The fighters were provided special training in several fields, including hand-to-hand fighting, combat in rough terrain, stamina and the use of light and heavy weapons.

The latest process of the restructuring of the FSA was the launch of the Syrian National Army, founded in December 2017, consisting of approximately 30 subgroups linked to the FSA. The army, which is estimated to have 15,000 soldiers, aims to protect the area that was liberated in Operation Euphrates Shield and Operation Olive Branch, as well as to defend civilians against the Syrian regime and groups like Daesh and the YPG.

Responding the U.S. threats directed at opposition groups on refraining from participating Turkey's operation, Abu Bakr said they intend to fight terrorists, not the U.S. army, and they "do not fear anyone."

"I want to emphasize that our main targets are YPG terrorists.
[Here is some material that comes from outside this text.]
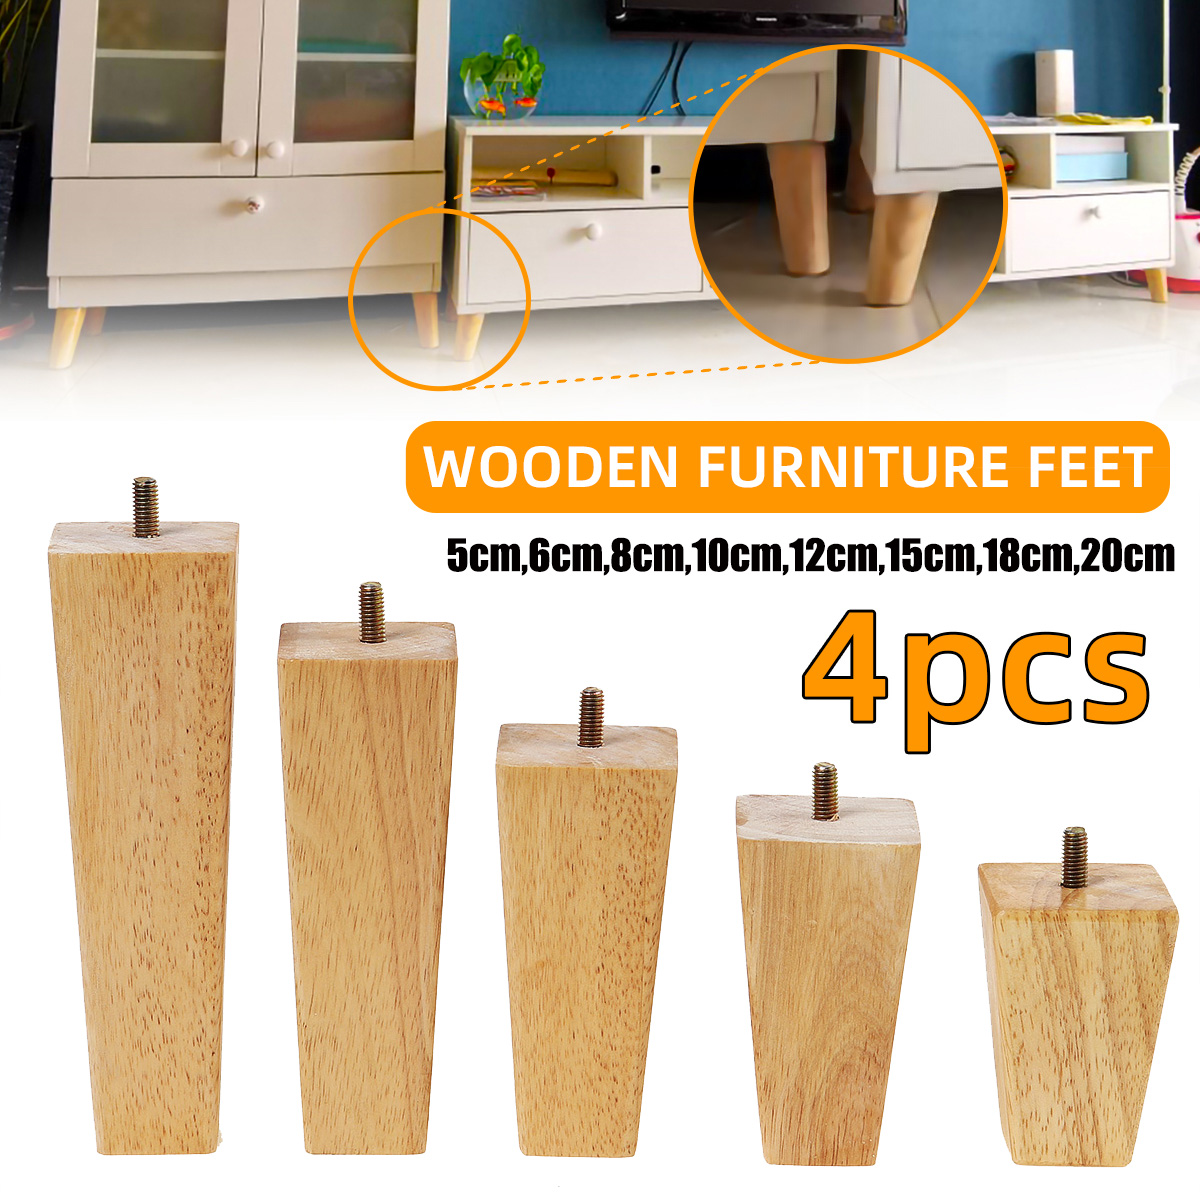 4pcs-Square-Inclined-Wooden-Furniture-Feets-Legs-Set-For-Sofa-Cabinets-Table-1772609-1

There has been ongoing persecution. We want to bring back peace to the Arab and Kurdish brothers living at that region," he said.

According to Anadolu Agency (AA) reports on Sunday, U.S. officials have called on the FSA and the National Coalition for Syrian Revolutionary and Opposition Forces (SMDK) to not support the planned offensive.

"Any participation by the Syrian National Coalition or the FSA in any way is an attack on the U.S. and the coalition forces, and it will lead to direct confrontation with coalition forces and the U.S. that will fully destroy the relations between the U.S. and the Syrian National Coalition and the Free Syrian Army," the message said.

Ayman al-Asimi, spokesman of the Syrian opposition, also responded to U.S. threats on Sunday, saying that they are resolute on supporting the Turkish offensive no matter what the U.S. says.

The opposition forces in Idlib are also supporting Turkey's offensive; the National liberation Front, also part of the FSA, announced yesterday in a written statement that they will side with the Turkish military against the YPG.

After Erdoğan said Wednesday that Turkey would launch an operation within days east of the Euphrates to clear the region of the YPG, the SMDK voiced its support for the planned offensive.

The FSA participated in both of the previous Turkish offensives in northern Syria. Commenting on the YPG's activities along Turkey's borders, Erdoğan on Saturday warned the terrorist group that those tunnels and trenches would become their graves if they continue to disrupt peace in the region and threaten Turkey's national security.

He reiterated that Turkey was "determined to bring peace and security" to areas east of the Euphrates river in northern Syria.